2016/07/28 08:16:28 -05:00 3187 0.0.0.0<http://0.0.0.0>: osad/jabber_lib._roster_callback('Updating the roster', <iq to='rhn-dispatcher-sat at somefqdn/superclient' type='set' id='d0i9bb6qg2mxcvod2204d697ar81obq2b9cmljd1'><query xmlns = 'jabber:iq:roster' ><item jid='osad-5987ca54b5 at somefqdn' subscription='both' /></query></iq>)
2016/07/28 08:16:28 -05:00 3187 0.0.0.0<http://0.0.0.0>: osad/jabber_lib._presence_callback('rhn-dispatcher-sat at somefqdn/superclient', osad-5987ca54b5 at somefqdn, u'subscribed')

For jabber connections, check /var/log/messages for jabberd entries via syslog.  I had to change rsyslog settings to see all of them, as there were so many coming in when I'd restart the jabber services that rsyslog would start to rate-limit them.

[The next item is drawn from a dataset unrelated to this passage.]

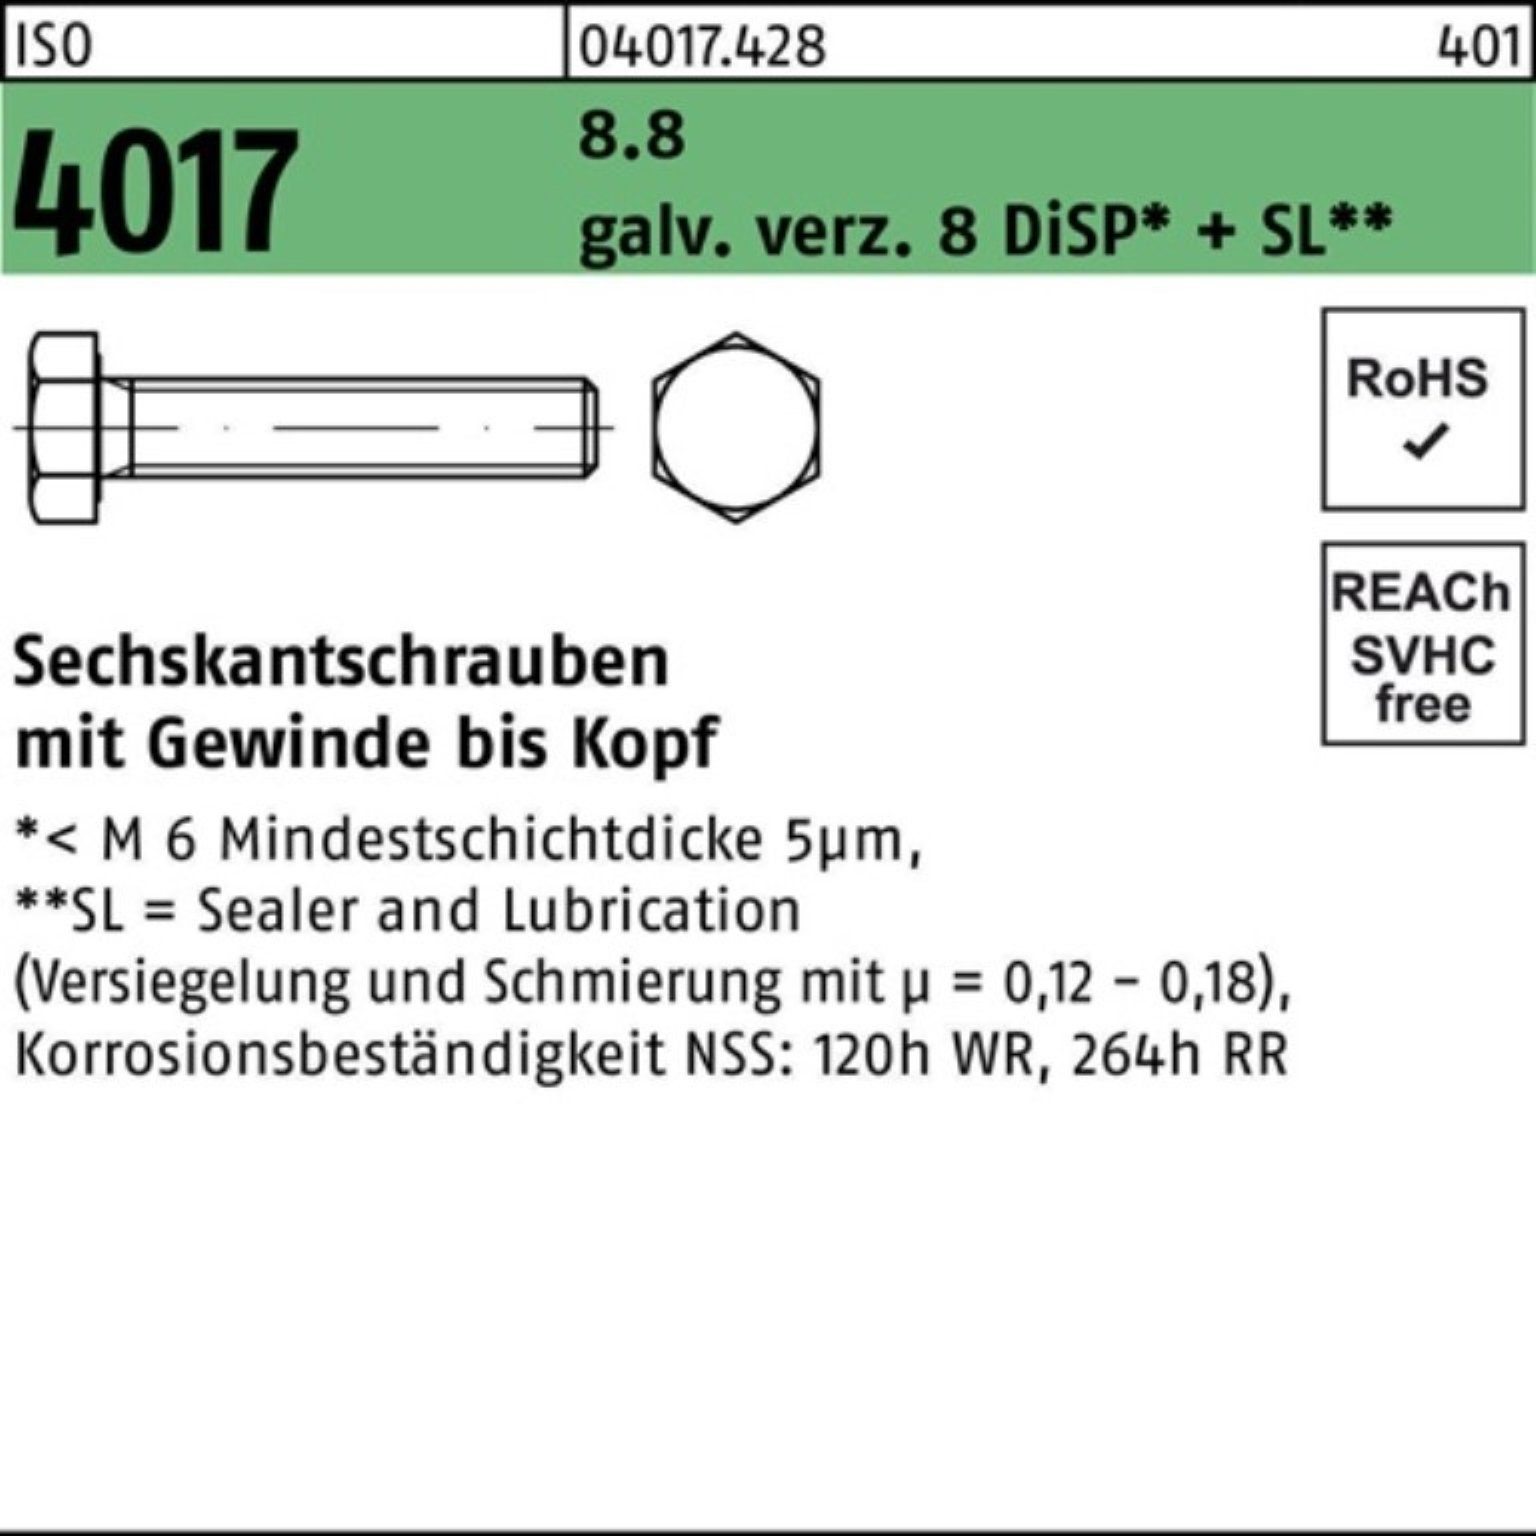 4017 Pack Bufab 120 8.8 8 ISO Sechskantschraube galv.verz. 100er Sechskantschraube VG DiS M12x
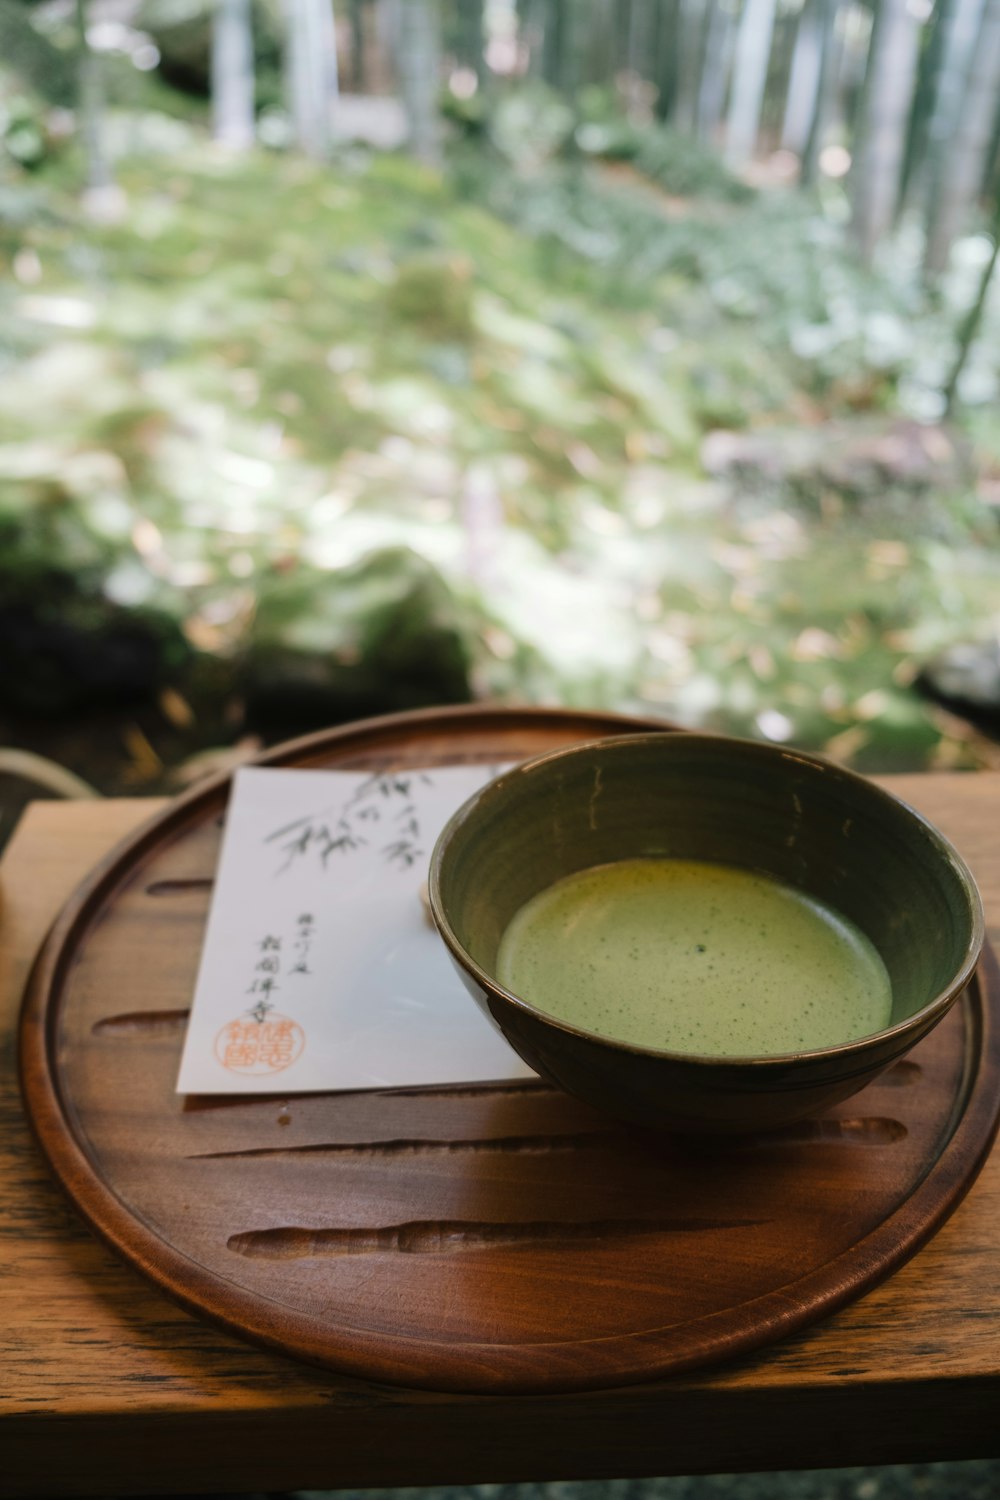 Grüner Tee auf grüner Keramik-Teetasse

Also, osad should -not- be installed on the masters, it conflicts with the OSA dispatcher packages...

If you have to do it manually, do this.

In the Spacewalk back end database (execute "sudo spacewalk-sql -i" or as root), run select * from rhnpushdispatcher to see what OSA dispatcher thinks the password is.  Stop jabberd, delete the entries in that table, delete the Berkley DB files, then start jabberd and osa-dispatcher.  I have more about the issue below, but it's a very long and boring story.

--- long story

This is a long story... excuse the rant but it's caused me a lot of late nights over the course of implementation.  This is a sort of catharsis to be able to send.

So, I've spent the last year and a half trying various methods to keep OSA dispatcher on our Spacewalk masters stable, and trying to hammer the square peg that is jabberd2 into our round hole of using F5s for GTMs and LTMs.  Generally, for example for LDAP services, we create an SSL cert signed by our internal CA and include the GTM FQDN as the subject, and any LTM FQDN and pool members as the Subject Alternate Names.  But, the question wasn't really about that, just wanted to share my frustration that jabberd2 (s2s specifically) doesn't play nicely when a system has the GTM FQDN in the jabberd config (routes get marked as invalid and so on).  Also, the default implementation in Spacewalk uses the Berkley DB, which is notorious for crashing and corrupting itself and also doesn't support locking, so good luck trying to put it on an NFS mount and having multiple proxies writing to that default database.

So instead I tried Postgres in the jabber config, which worked well for a time, but pointing all of our clients to the GTM FQDN and attempting to schedule actions in the GUI wasn't working out.  When you're in an environment that follows ITIL processes and are doing production systems in always-varying scheduled and approved change windows, having rhnsd pick up actions whenever it feels like it (I've seen 24 hours+) just doesn't work for us.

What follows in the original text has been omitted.